[Stored entries]
· · · · · · ·

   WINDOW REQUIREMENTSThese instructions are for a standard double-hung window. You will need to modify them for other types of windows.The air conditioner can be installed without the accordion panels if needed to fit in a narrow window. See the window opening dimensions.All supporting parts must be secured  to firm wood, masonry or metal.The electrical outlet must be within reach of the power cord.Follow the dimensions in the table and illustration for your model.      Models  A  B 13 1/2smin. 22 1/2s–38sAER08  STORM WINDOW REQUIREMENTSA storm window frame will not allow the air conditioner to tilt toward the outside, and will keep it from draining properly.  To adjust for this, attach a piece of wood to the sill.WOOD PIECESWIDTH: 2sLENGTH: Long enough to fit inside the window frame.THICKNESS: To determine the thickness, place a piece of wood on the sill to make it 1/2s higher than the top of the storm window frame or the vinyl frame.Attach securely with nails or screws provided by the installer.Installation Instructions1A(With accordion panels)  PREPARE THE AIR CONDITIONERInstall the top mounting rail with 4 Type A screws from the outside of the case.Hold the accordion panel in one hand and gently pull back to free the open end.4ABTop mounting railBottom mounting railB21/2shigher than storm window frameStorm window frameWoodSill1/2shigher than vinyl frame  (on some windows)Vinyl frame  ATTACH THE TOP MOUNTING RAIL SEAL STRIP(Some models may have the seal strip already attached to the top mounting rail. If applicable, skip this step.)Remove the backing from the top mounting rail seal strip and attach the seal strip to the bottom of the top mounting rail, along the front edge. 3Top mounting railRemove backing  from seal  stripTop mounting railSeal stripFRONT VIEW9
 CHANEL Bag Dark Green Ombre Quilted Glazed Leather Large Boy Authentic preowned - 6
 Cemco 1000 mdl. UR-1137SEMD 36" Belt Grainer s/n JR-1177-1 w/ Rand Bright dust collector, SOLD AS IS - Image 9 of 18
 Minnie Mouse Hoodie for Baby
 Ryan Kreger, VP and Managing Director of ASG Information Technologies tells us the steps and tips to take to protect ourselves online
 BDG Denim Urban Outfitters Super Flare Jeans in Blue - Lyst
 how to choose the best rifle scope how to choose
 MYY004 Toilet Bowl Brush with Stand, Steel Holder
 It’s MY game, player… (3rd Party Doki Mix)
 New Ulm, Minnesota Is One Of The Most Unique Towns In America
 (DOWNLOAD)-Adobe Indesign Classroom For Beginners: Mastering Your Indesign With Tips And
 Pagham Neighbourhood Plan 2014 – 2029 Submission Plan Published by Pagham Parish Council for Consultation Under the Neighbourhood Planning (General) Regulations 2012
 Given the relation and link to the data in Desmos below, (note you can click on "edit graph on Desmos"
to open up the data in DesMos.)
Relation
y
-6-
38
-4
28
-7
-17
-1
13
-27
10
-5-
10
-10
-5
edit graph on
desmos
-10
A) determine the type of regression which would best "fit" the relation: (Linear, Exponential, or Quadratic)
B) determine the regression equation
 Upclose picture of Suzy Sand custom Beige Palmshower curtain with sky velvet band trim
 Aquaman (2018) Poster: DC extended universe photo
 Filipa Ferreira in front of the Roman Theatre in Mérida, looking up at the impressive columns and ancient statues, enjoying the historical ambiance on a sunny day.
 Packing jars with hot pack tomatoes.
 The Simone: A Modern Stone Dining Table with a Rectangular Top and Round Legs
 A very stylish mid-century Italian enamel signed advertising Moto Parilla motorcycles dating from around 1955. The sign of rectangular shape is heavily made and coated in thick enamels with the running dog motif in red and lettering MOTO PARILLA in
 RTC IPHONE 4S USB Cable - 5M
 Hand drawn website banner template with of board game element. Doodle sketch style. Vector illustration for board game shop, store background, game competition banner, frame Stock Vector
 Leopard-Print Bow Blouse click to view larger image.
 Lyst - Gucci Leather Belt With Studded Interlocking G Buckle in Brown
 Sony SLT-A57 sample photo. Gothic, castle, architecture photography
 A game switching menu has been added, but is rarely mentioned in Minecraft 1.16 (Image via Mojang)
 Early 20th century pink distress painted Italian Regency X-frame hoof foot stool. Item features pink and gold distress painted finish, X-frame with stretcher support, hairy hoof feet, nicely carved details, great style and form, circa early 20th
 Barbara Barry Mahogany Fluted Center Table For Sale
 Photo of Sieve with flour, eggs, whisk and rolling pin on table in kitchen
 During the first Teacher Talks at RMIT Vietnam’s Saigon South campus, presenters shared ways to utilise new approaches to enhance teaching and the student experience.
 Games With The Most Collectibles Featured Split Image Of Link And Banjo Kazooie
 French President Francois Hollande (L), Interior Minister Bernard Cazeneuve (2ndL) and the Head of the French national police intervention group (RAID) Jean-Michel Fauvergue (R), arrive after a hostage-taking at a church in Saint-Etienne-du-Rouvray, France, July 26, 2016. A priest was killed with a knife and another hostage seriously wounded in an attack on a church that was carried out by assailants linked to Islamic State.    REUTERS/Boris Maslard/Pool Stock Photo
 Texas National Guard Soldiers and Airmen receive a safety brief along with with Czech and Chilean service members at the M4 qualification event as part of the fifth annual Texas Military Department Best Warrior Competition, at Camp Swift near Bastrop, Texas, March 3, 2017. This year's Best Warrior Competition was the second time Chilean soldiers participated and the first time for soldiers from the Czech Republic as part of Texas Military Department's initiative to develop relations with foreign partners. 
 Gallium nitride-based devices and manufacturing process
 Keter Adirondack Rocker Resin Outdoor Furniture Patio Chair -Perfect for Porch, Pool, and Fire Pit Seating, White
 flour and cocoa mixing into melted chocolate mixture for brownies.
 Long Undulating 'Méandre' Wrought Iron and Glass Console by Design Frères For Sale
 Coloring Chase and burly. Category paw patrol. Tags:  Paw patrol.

· · · · · · ·

Using the records above, copy each line that contains "Sale".

Worked solution
 Barbara Barry Mahogany Fluted Center Table For Sale
 Long Undulating 'Méandre' Wrought Iron and Glass Console by Design Frères For Sale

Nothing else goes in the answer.